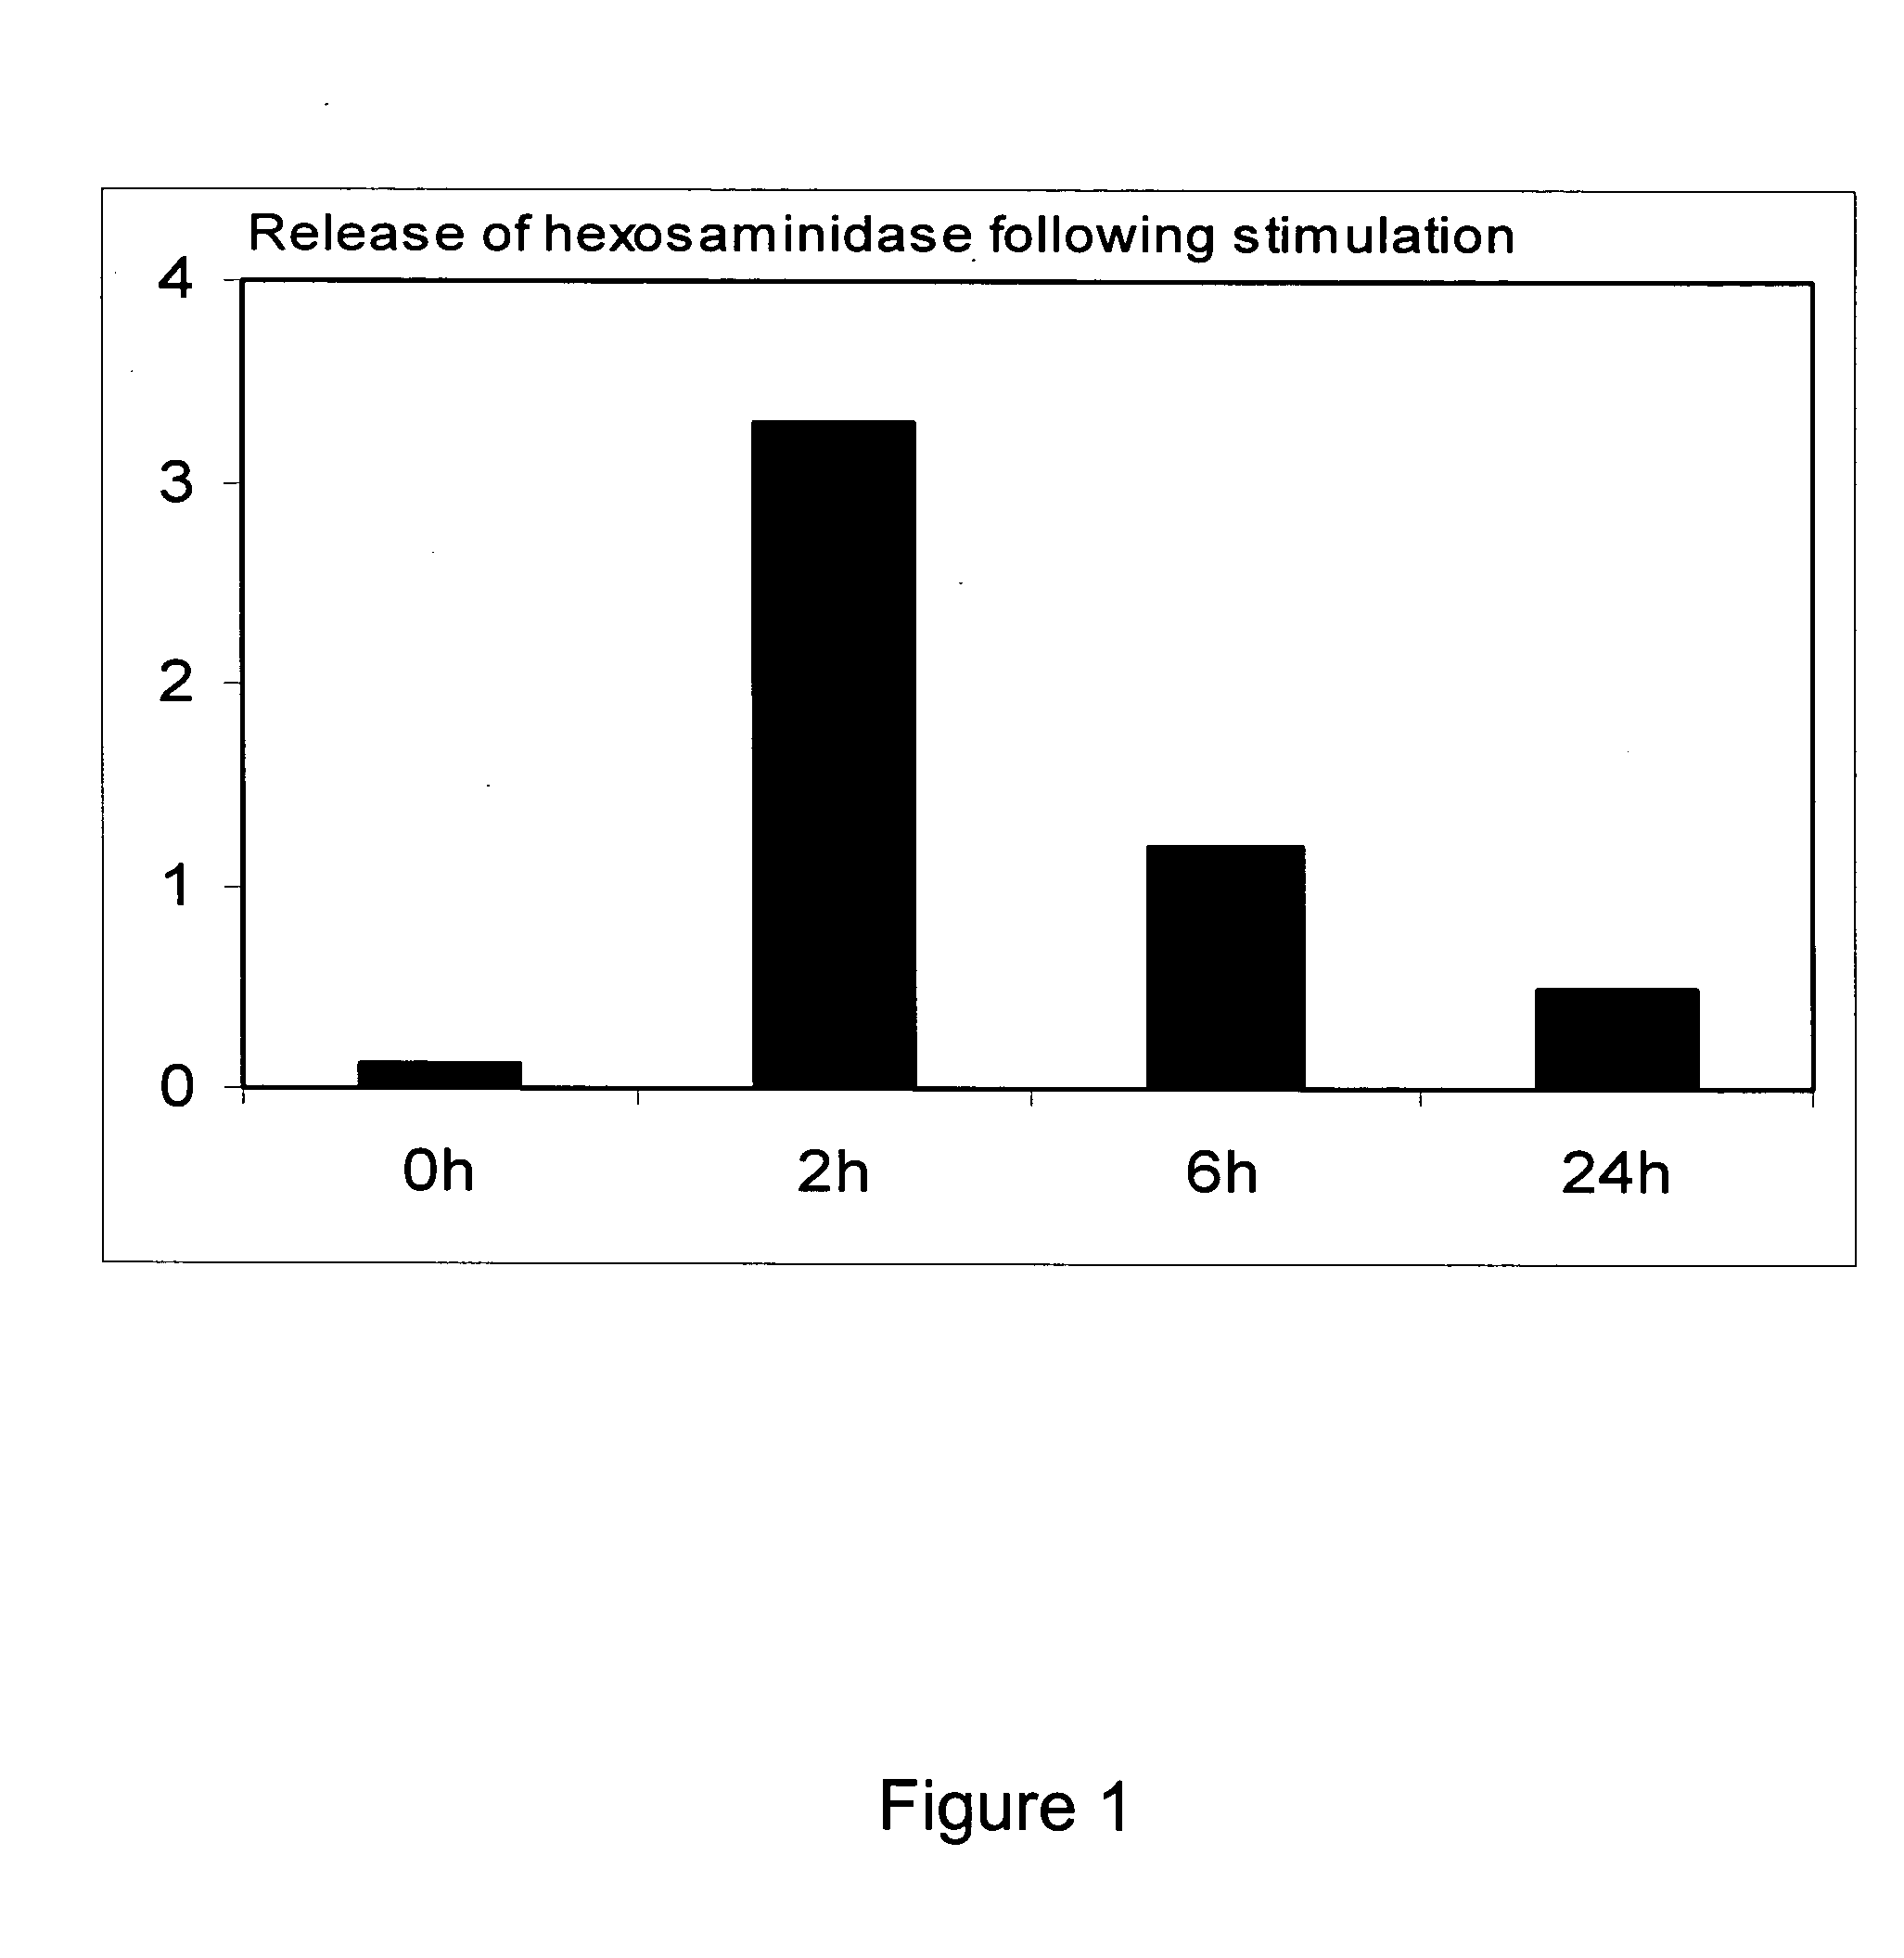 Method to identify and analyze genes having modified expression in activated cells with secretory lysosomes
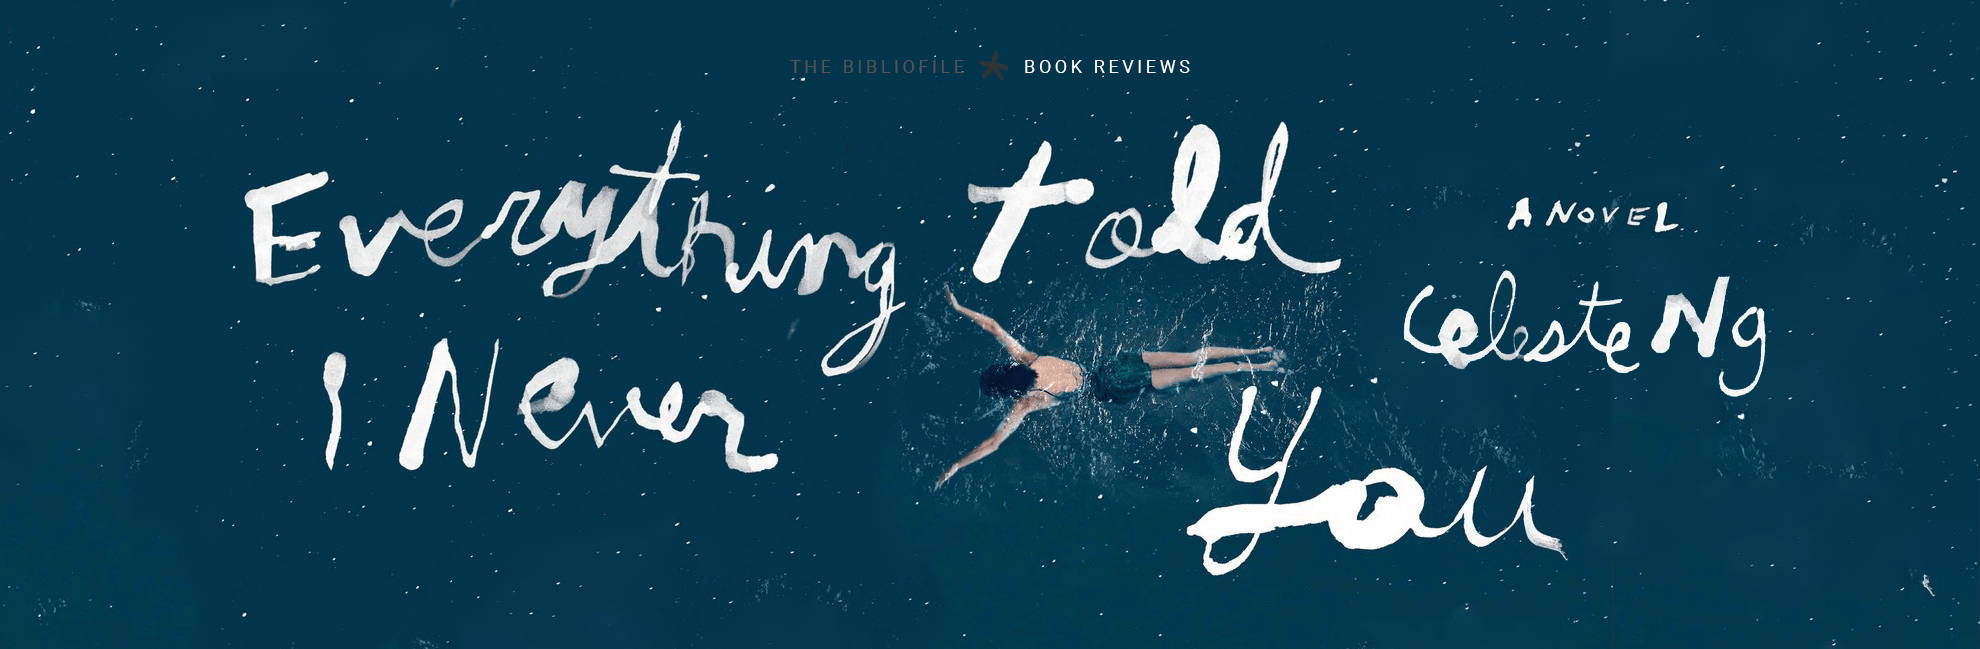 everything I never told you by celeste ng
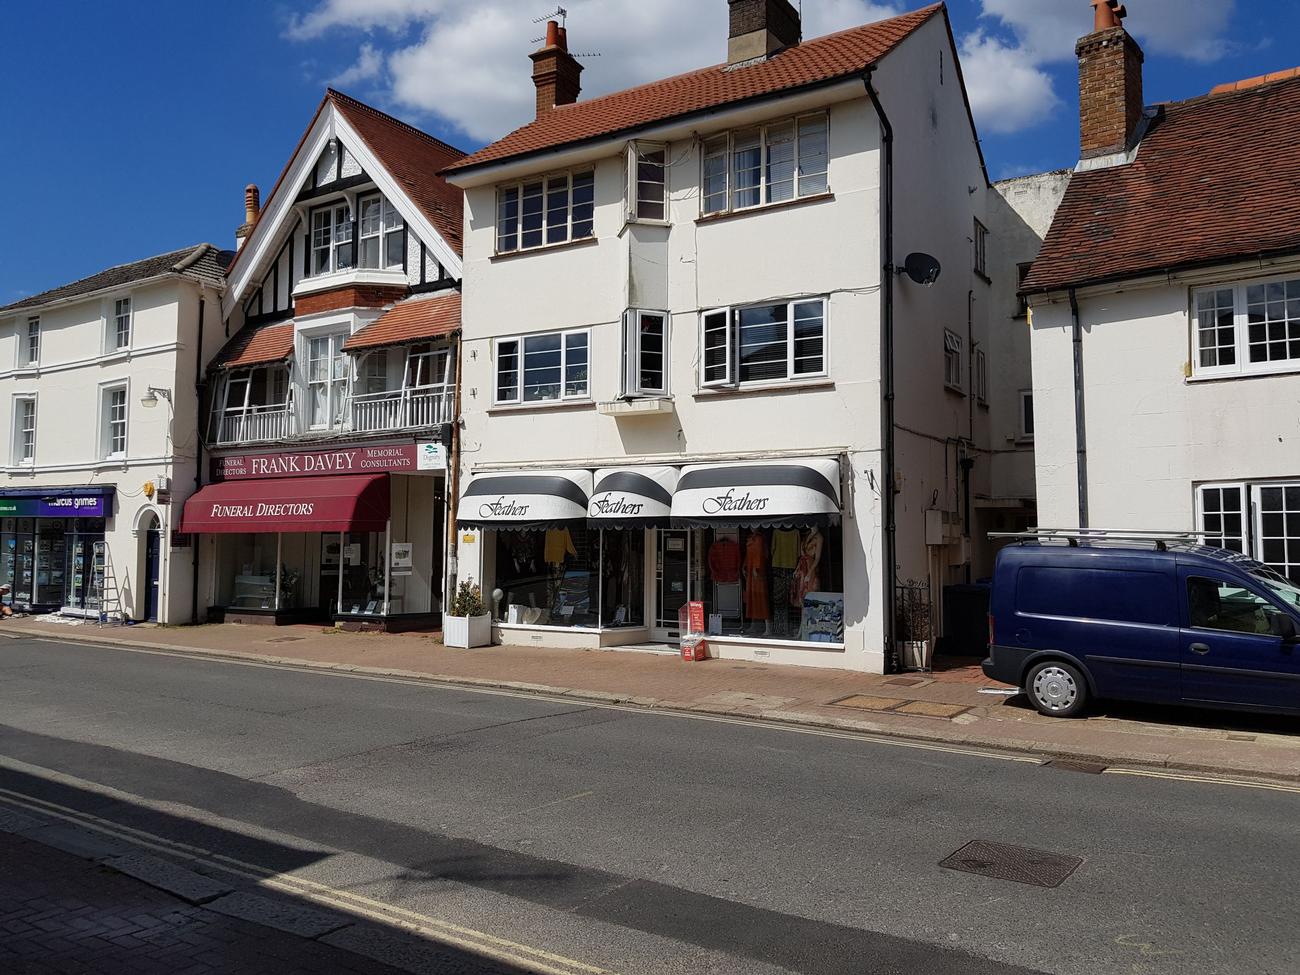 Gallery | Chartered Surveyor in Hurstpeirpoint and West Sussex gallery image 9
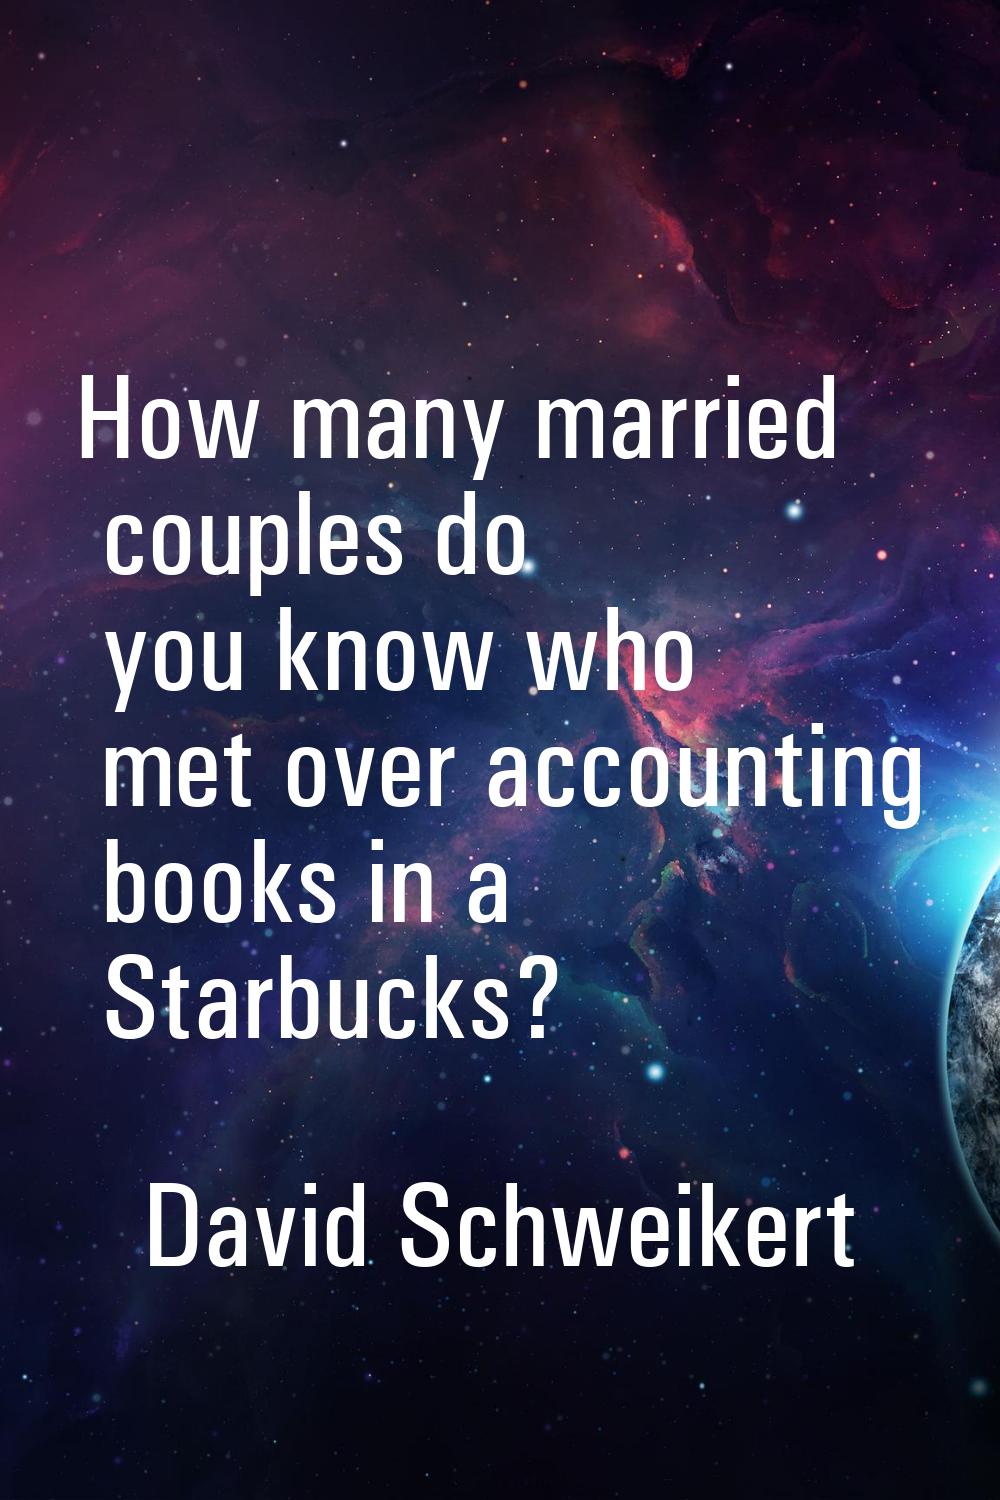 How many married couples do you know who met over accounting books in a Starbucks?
□ □ □ □ □
The task requires the full listing to be given again verbatim, without its pictures.

**Response below**
 Method to identify and analyze genes having modified expression in activated cells with secretory lysosomes
 everything I never told you by celeste ng
 Gallery | Chartered Surveyor in Hurstpeirpoint and West Sussex gallery image 9
 How many married couples do you know who met over accounting books in a Starbucks?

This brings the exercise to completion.